Burundi : après son épouse, l’hospitalisation de Pierre Nkurunziza conforte l’hypothèse du Covid-19

L'ancien Président du Burundi, Pierre Nkurunziza

Quelques jours après l’évacuation de la première dame au Kenya pour raison de santé, le désormais ex-Président burundais, Pierre Nkurunziza, a lui-même été hospitalisé dans son pays, à Karuzi. Une fois de plus, le Covid-19 est pointé du doigt.

Au Burundi, après l’élection contestée du général Evariste Ndayishimiye à la tête du pays, l’autre actualité qui défraie la chronique est, bien sûr, la santé du couple présidentiel. En effet, depuis samedi soir, le Président Pierre Nkurunziza a été admis à l’hôpital de Karuzi, au centre du pays, dans un état grave, à en croire des sources locales.

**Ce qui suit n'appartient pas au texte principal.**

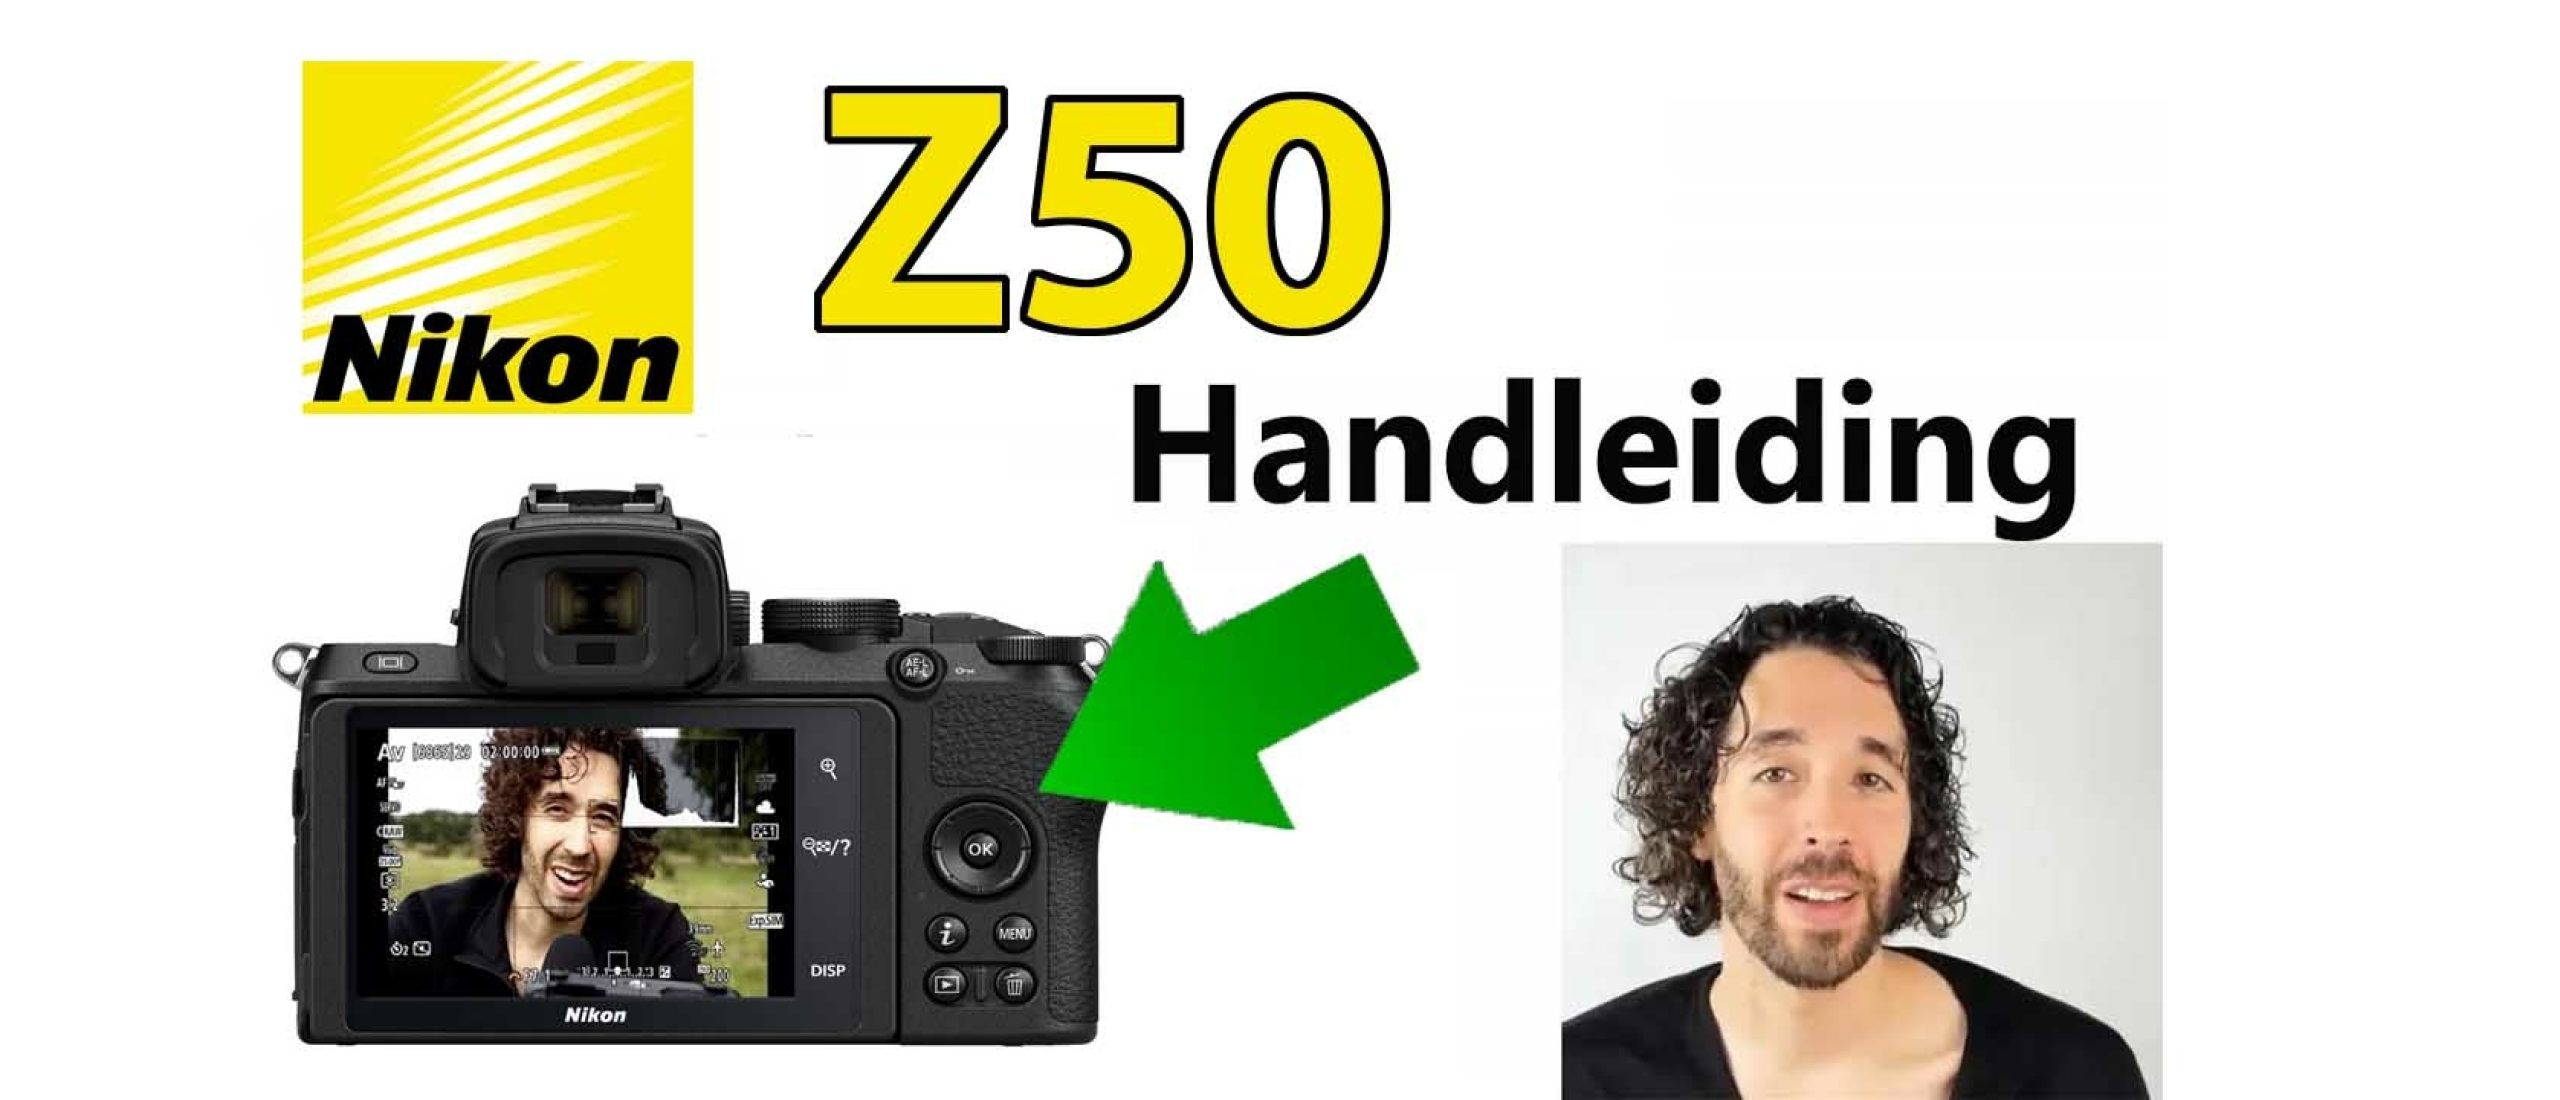 Nikon Z50 Handleiding Video: Menu, Functies, Knoppen & Instellingen uitgelegd

Cette hospitalisation de l’ancien homme fort de Bujumbura, quelques jours seulement après l’évacuation, par avion médicalisé de son épouse, Denise Bucumi, sur la capitale kényane d’où des informations ont fusé faisant état d’une contamination de la première dame au Coronavirus, la thèse de l’atteinte du couple présidentiel par le Covid-19 se fait de plus en plus persistante. D’aucuns s’empressent déjà de dire que l’état de santé du Président Nkurunziza qui aurait contracté le Covid-19, aurait été aggravé par la présence de facteurs de comorbidité. Le chef de l’Etat souffrirait d’une maladie qui serait la véritable raison qui l’aurait dissuadé de briguer un quatrième mandat.

La polémique enfle donc dans le pays. Et cette situation est largement favorisée par le silence assourdissant et peut-être fort éloquent dans lequel les autorités burundaises se sont résolument murées. Il faut rappeler que presque aucune mesure n’a été prise au Burundi pour empêcher la propagation du Covid-19, puisque le chef de l’Etat et son épouse pasteur, étaient convaincus que le pays était sous la protection divine et ne pouvait par conséquent pas être touché par la pandémie. 

Si officiellement, le pays compte à ce jour 83 cas de personnes contaminées dont 45 guéries et un seul décès, plusieurs sources font remarquer que de nombreux cas de personnes décédées, présentant les mêmes symptômes que les malades du Covid-19, n’ont pas été considérés comme tels, faute de tests.